Réserves sur la résolution américano-britannique

Adnane Pachachi a émis de nombreuses réserves sur le projet de résolution américano-britannique. 

		(Photo : AFP)
Adnane Pachachi a émis de nombreuses réserves sur le projet de résolution américano-britannique.
(Photo : AFP)
A cinq semaines du transfert de la souveraineté aux Irakiens, les Etats-Unis et leur allié britannique ont présenté lundi un projet de résolution destiné à entériner la fin de l’occupation en Irak. Les pays, comme la France, l’Allemagne ou la Russie, qui s’étaient vivement opposés à la guerre contre le régime de Saddam Hussein ont une nouvelle fois plaidé pour que ce transfert soit réel. Et même si leurs relations semblent aujourd’hui plus apaisées avec Washington, ils n’ont vraisemblablement pas l’intention de signer un chèque en blanc à l’administration Bush.

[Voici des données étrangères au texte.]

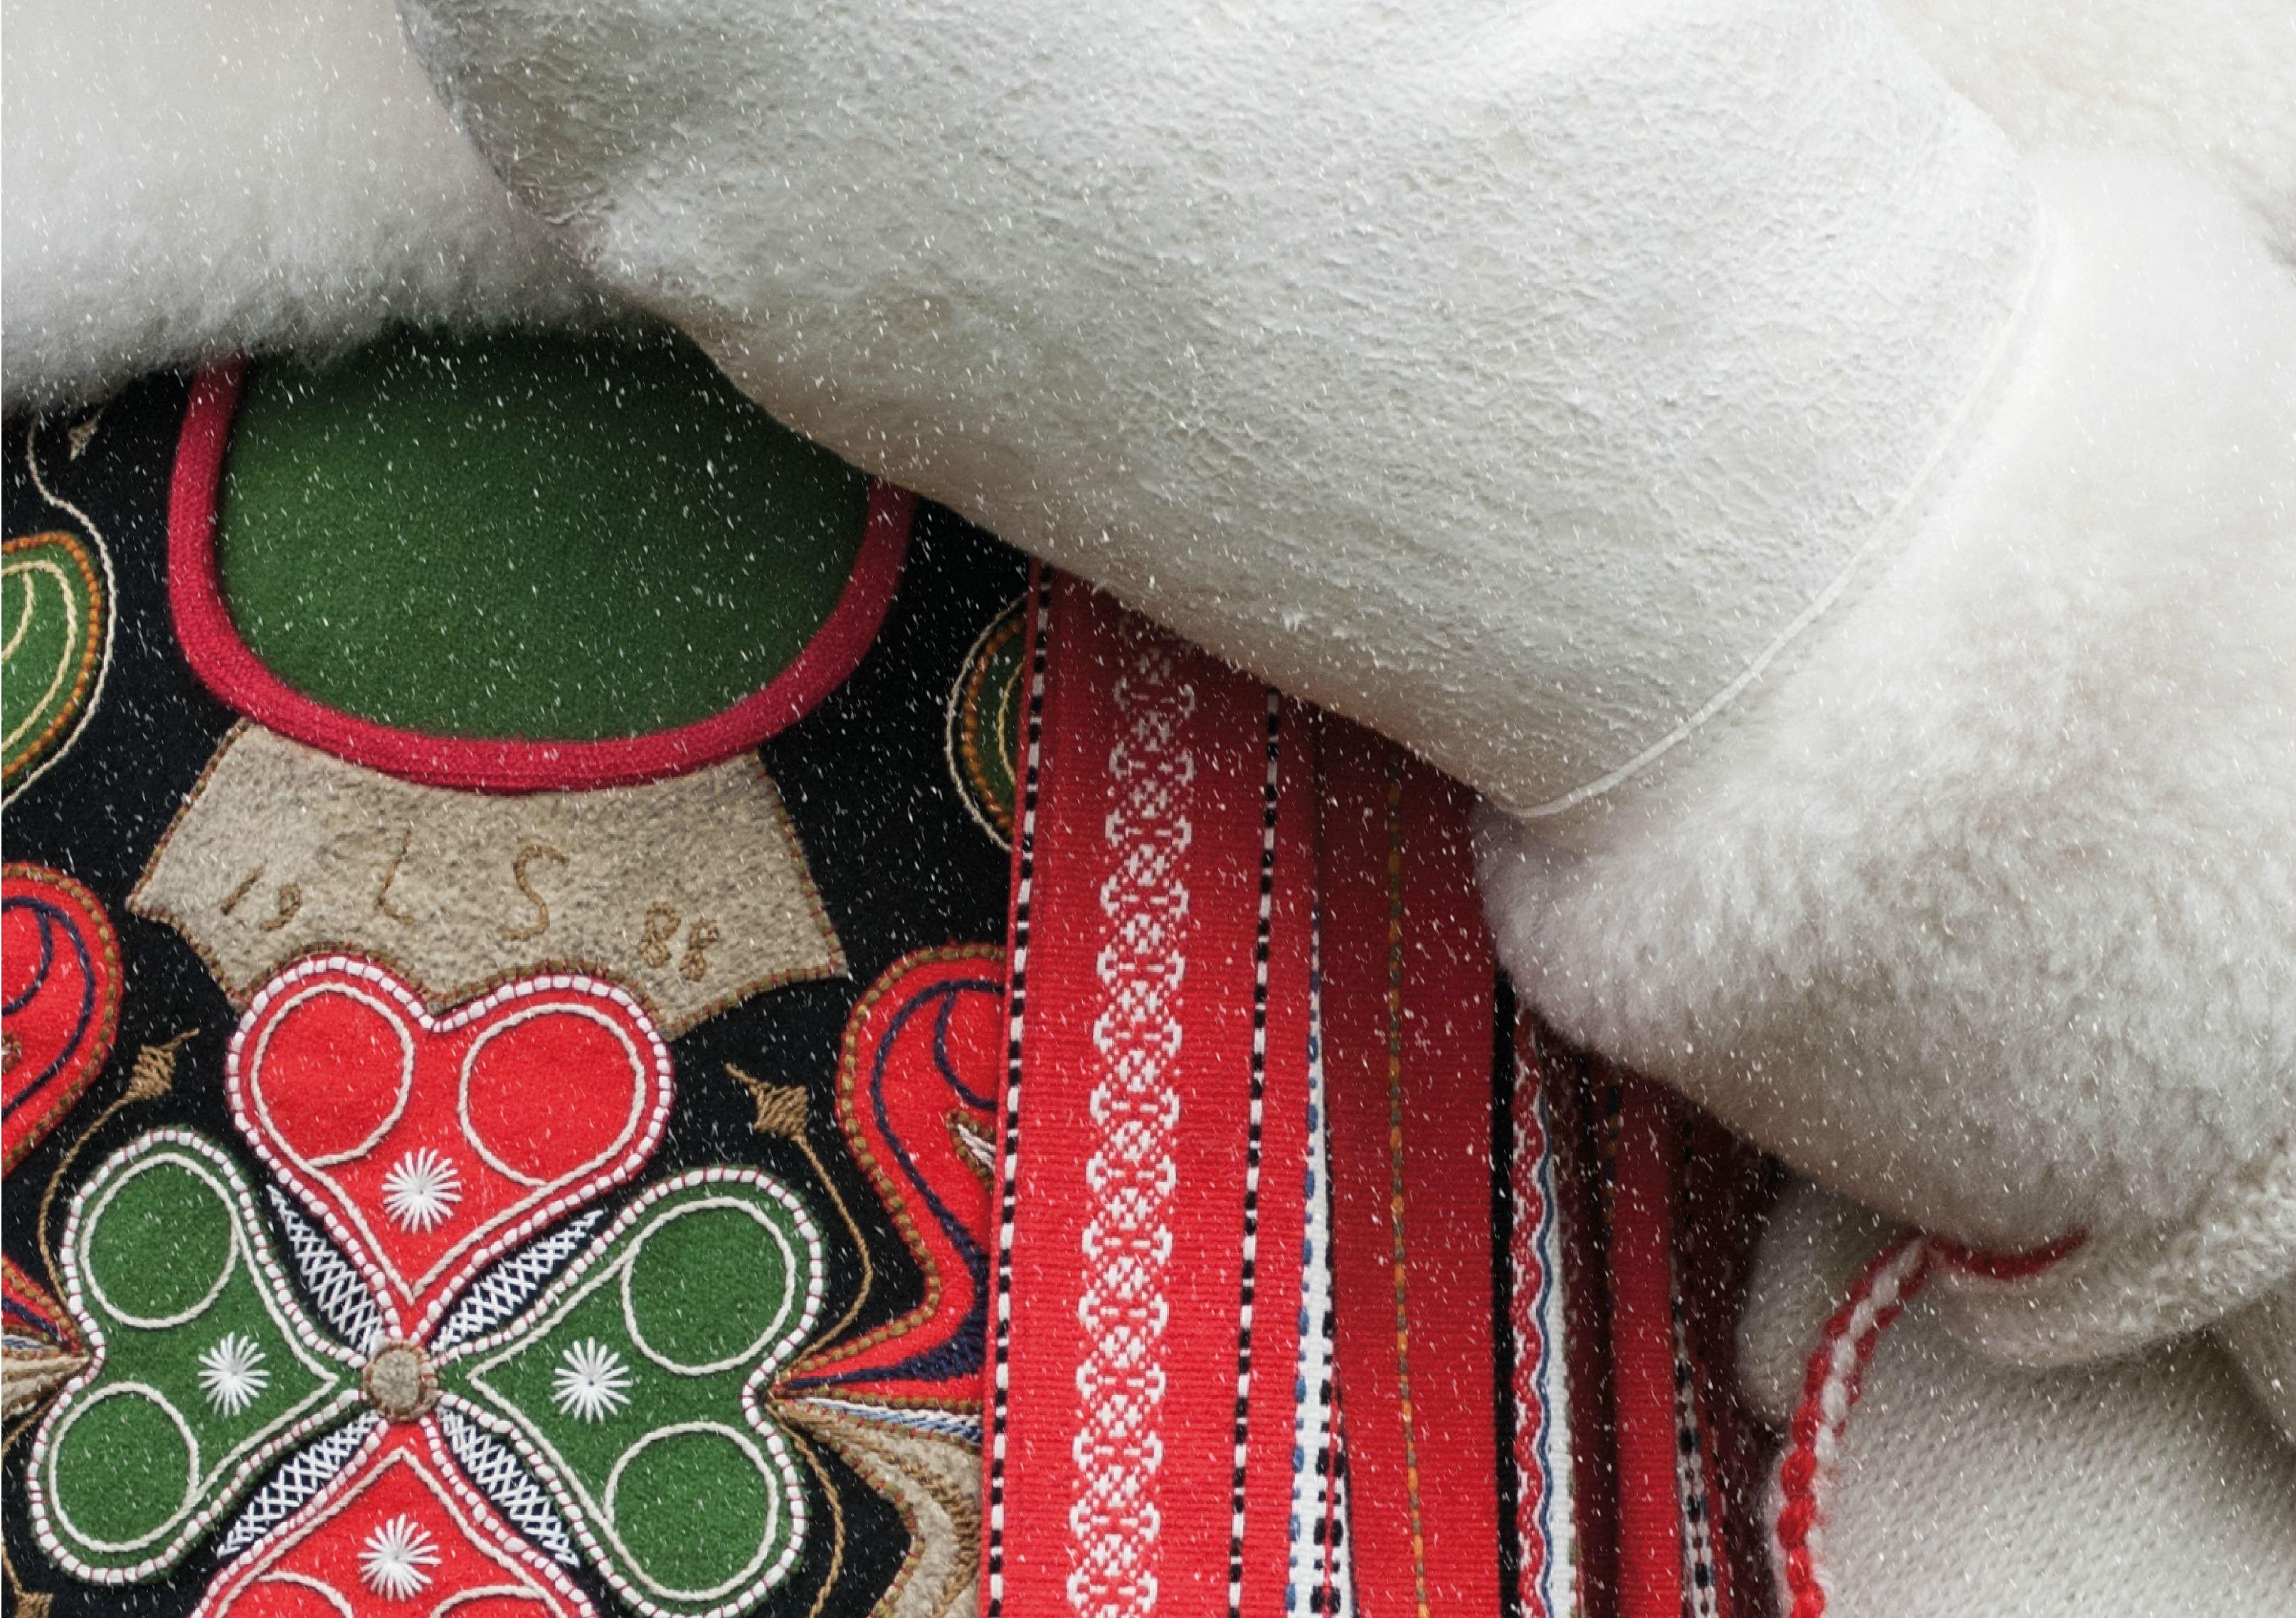 Leksands Julmarknad

Alors qu’il y a quelques mois encore Washington –fort de sa victoire rapide contre le régime de Saddam Hussein– écartait sans état d’âme la communauté internationale de la reconstruction de l’Irak, le bourbier dans lequel se trouve aujourd’hui les forces de la coalition semble avoir véritablement changé les dispositions de l’administration Bush. Pour la première fois depuis le début de la crise irakienne, le président américain a en effet adopté un ton plus conciliant envers Paris, pourtant pilier des opposants à la guerre, en affirmant partager les mêmes objectifs que son homologue français. «J’ai eu une excellente discussionavec Jacques Chirac. Nous partageons le même but, un Irak libre, stable et pacifique», a-t-il ainsi affirmé. A l’Elysée, on a tenu cependant à préciser que c’était le président américain qui avait téléphoné à M. Chirac pour lui faire part du «souhait des Etats-Unis de travailler avec la France sur l’Irak».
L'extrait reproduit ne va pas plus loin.